L’Europe a préparé une proposition de directive, la directive anti-BEPS, qui encourage les pays à modifier
leur législation, afin de faire en sorte que les entreprises paient la part équitable d’impôt des sociétés.
L’Europe a des critiques sur les régimes fiscaux locaux. En Belgique, par exemple, la déduction d’intérêt
notionnel, les excess profit rulings et le système de brevets sont sous pression. Faisons en sorte qu’ils
soient les chevaux de parade fiscaux avec lesquels notre pays se positionne sur la carte des investisseurs.

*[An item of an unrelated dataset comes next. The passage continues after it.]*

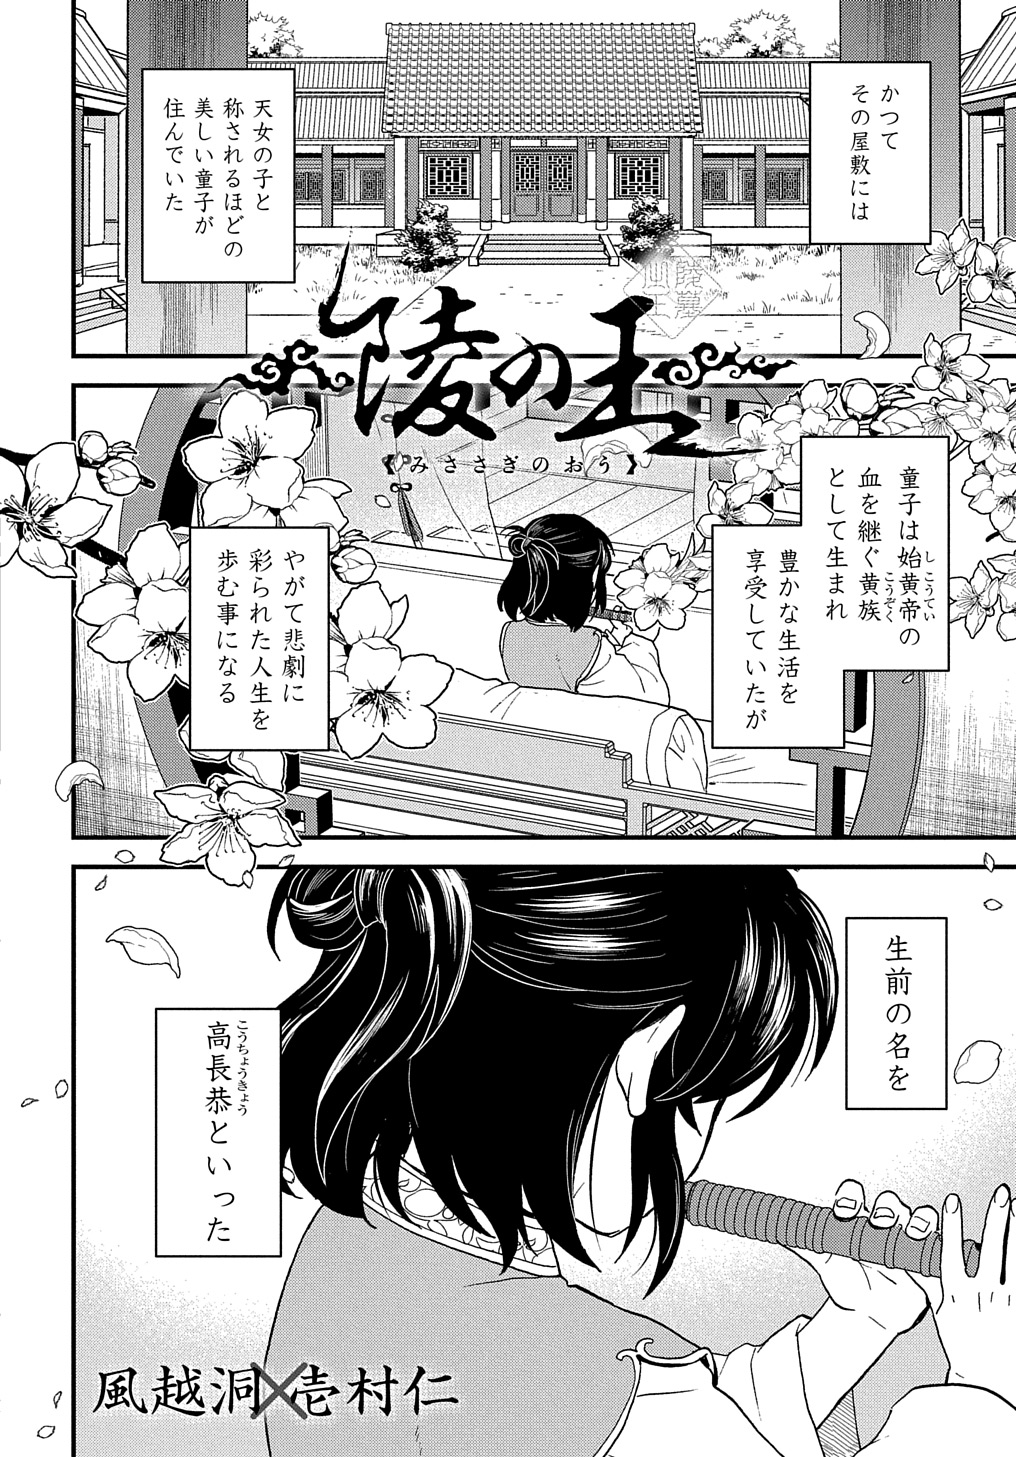 Misasagi no Ou - Chapter 2 - Page 1
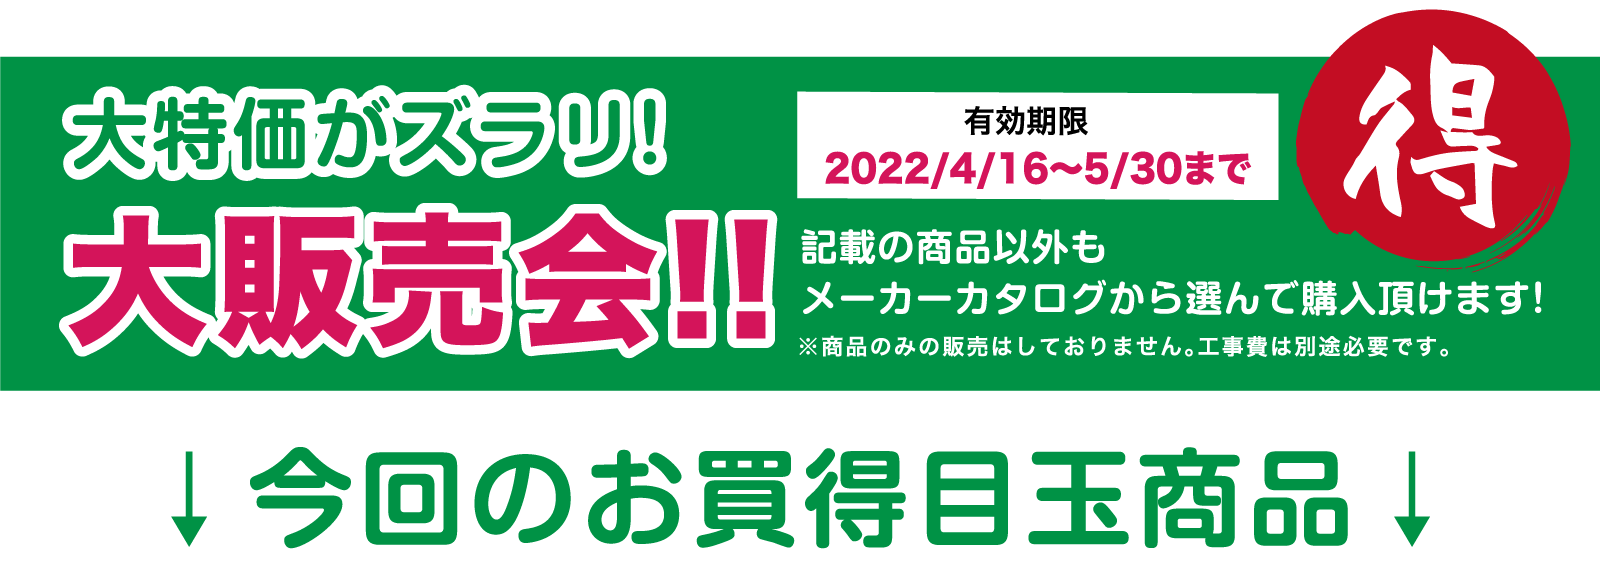 2022年こそはリフォーム！リフォーム祭 in タカラ仙台ショールーム 展示品

Vous rappelez-vous encore de la campagne promotionnelle Invest in Belgium - increase your profits
organisée à cet effet ? Ceux qui se distinguent des autres se démarquent. C’est ainsi que chaque pays a un
argument de vente qui lui est propre.
L’Europe semble de moins en moins favorable à cette idée. Elle ne pense qu’à la lutte entre les entreprises
qui pratiquent le country shopping pour échapper à leurs obligations fiscales. Bien que ce soit
généralement fait en toute légalité, ce type de management ne peut pas compter sur une grande
compréhension en période de crise économique. C’est la raison pour laquelle l’Europe souhaite que tous
les pays aillent dans le même sens. Elle plaide pour une assiette commune consolidée pour l’impôt des
sociétés, dans laquelle il n’y a plus de place pour les régimes préférentiels locaux, comme une déduction
d’intérêt notionnel.
La question se pose de savoir si cela ne porte pas le coup de grâce aux plus petites économies dans
lesquelles les régimes fiscaux préférentiels font partie de la politique économique. Ne vous méprenez pas.
La coordination internationale est nécessaire dans le combat justifié contre la fraude fiscale internationale.
À cet égard, des efforts sont attendus tant des pouvoirs publics que des entreprises. Mais le zèle pour la
transparence fiscale et l’échange international de données n’a rien à voir avec le zèle pour une fiscalité
européenne des revenus. Cette idée est un poison insidieux capable d’affecter lourdement les économies
locales des petits pays.
Les mesures fiscales que l’Europe dénonce ont, en leur temps, été prises de manière mûrement réfléchie.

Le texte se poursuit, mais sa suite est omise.